Programming Models and Languages Extensions
The current landscape of programming support for cloud applications is fragmented. This fragmentation is based on apparently different needs for various kinds of applications, in particular, web-based, computation-based, focusing on the organization of the computation, and data-based applications, within the last case a quite strong dichotomy between applications considering data as sets or relations, close to traditional database applications and applications considering data as real-time streams. This has led to various programming models, in a loose sense, including for instance microservices, graph processing, dataflows, streams, etc. These programming models have mostly been offered to the application programmer in the guise of frameworks, each offering subtle variants of the programming models with various implementation decisions favoring particular application and infrastructure settings. Whereas most frameworks are dedicated to a given programming model, e.g., basic Pregel [82], Hive [97], Hadoop [98], some of them are more general-purpose through the provision of several programming models, e.g., Flink [46] and Spark [79]. Finally, some dedicated language support has been considered for some models (e.g., the language SPL underlying IBM Streams [74]) as well as core languages and calculi (e.g., [43], [92]).

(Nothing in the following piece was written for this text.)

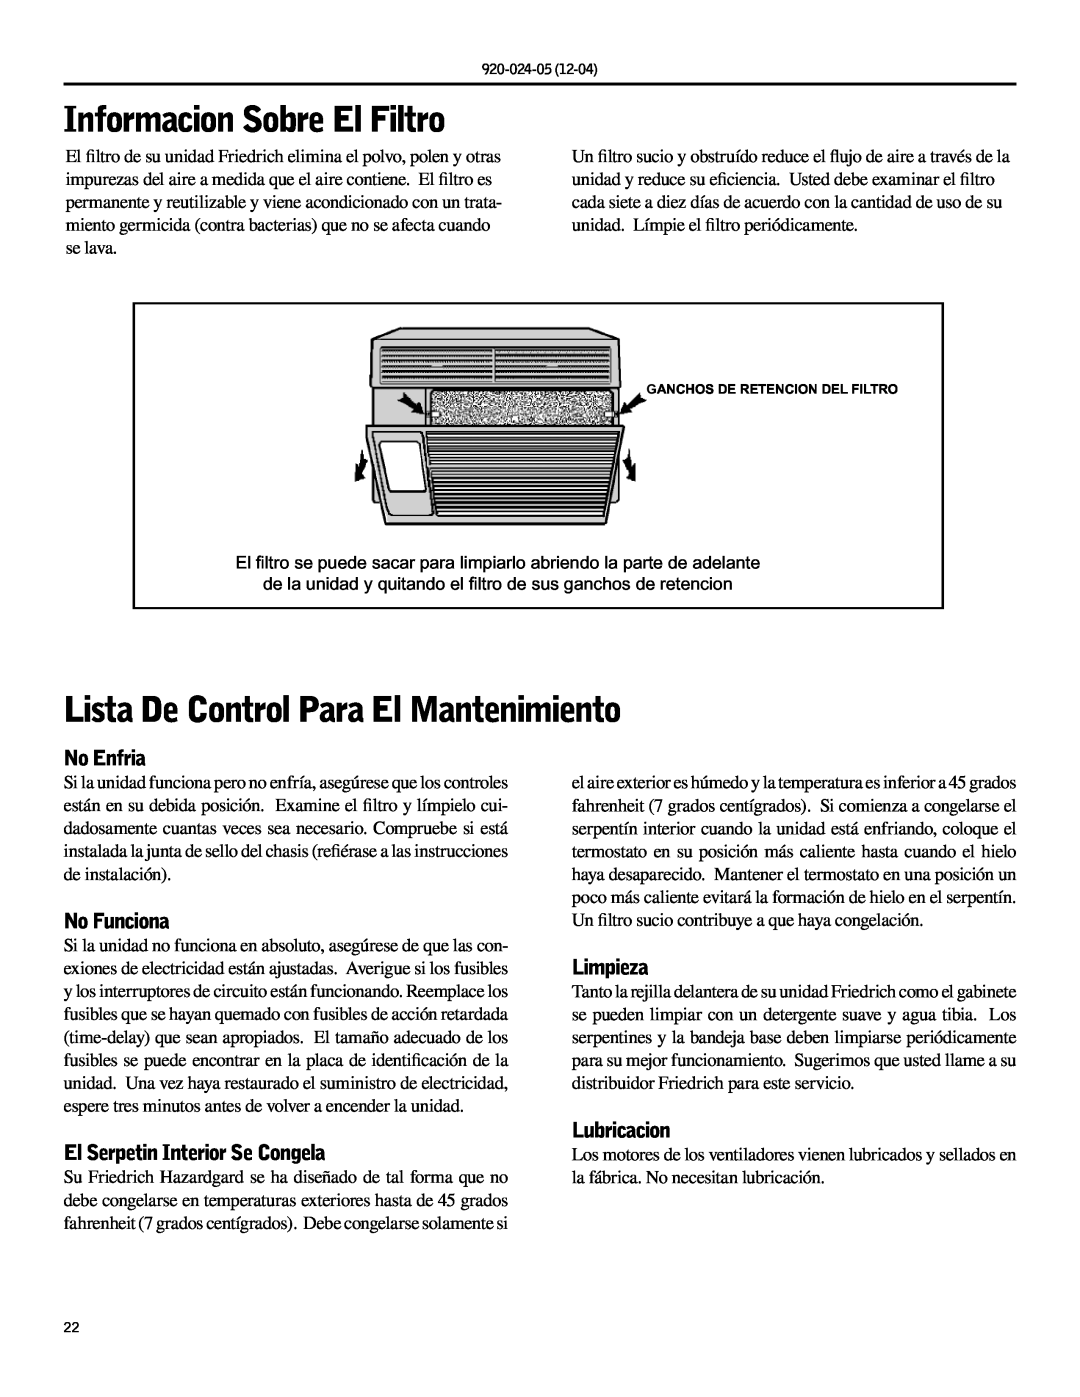 Friedrich SH15, SH20 Informacion Sobre El Filtro, Lista De Control Para El Mantenimiento, No Enfria, No Funciona, Limpieza

This situation raises a number of challenges on its own, related to a better structuring of the landscape. It is necessary to better understand the various programming models and their possible relations, with the aim of facilitating, if not their complete integration, at least their composition, at the conceptual level but also with respect to their implementations, as specific languages and frameworks.

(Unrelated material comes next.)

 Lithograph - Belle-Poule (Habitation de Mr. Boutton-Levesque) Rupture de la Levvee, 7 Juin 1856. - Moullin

Switching to massively geo-distributed infrastructures adds to these challenges by leading to a new range of applications (e.g., smart-* applications) that, by nature, require mixing these various programming models, together with a much more dynamic management of their runtime.

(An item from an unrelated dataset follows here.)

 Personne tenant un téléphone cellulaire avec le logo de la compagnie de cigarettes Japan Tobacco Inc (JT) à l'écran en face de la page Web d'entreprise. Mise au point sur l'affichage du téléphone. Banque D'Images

In this context, STACK would like to explore two directions:
-
First, we propose to contribute to generic programming models and languages to address composability of different programming models [55]. For example, providing a generic stream data processing model that can operate under both data stream [46] and operation stream [104] modes, thus streams can be processed in micro batches to favour high throughput or record by record to sustain low latency. Software engineering properties such as separation of concerns and composition should help address such challenges [35], [93]. They should also facilitate the software deployment and reconfiguration challenges discussed below.
-
Second, we plan to revise relevant programming models, the associated specific languages, and their implementation according to the massive geo-distribution of the underlying infrastructure, the data sources, and application end-users. For example, although SPL is extensible and distributed, it has been designed to run on multi-cores and clusters [74]. It does not provide the level of dynamicity required by geo-distributed applications (e.g., to handle topology changes, loss of connectivity at the edge, etc.). Moreover, as more network data transfers will happen within a massively geo-distributed infrastructure, correctness of data transfers should be guaranteed. This has potential impact from the programming models to their implementations.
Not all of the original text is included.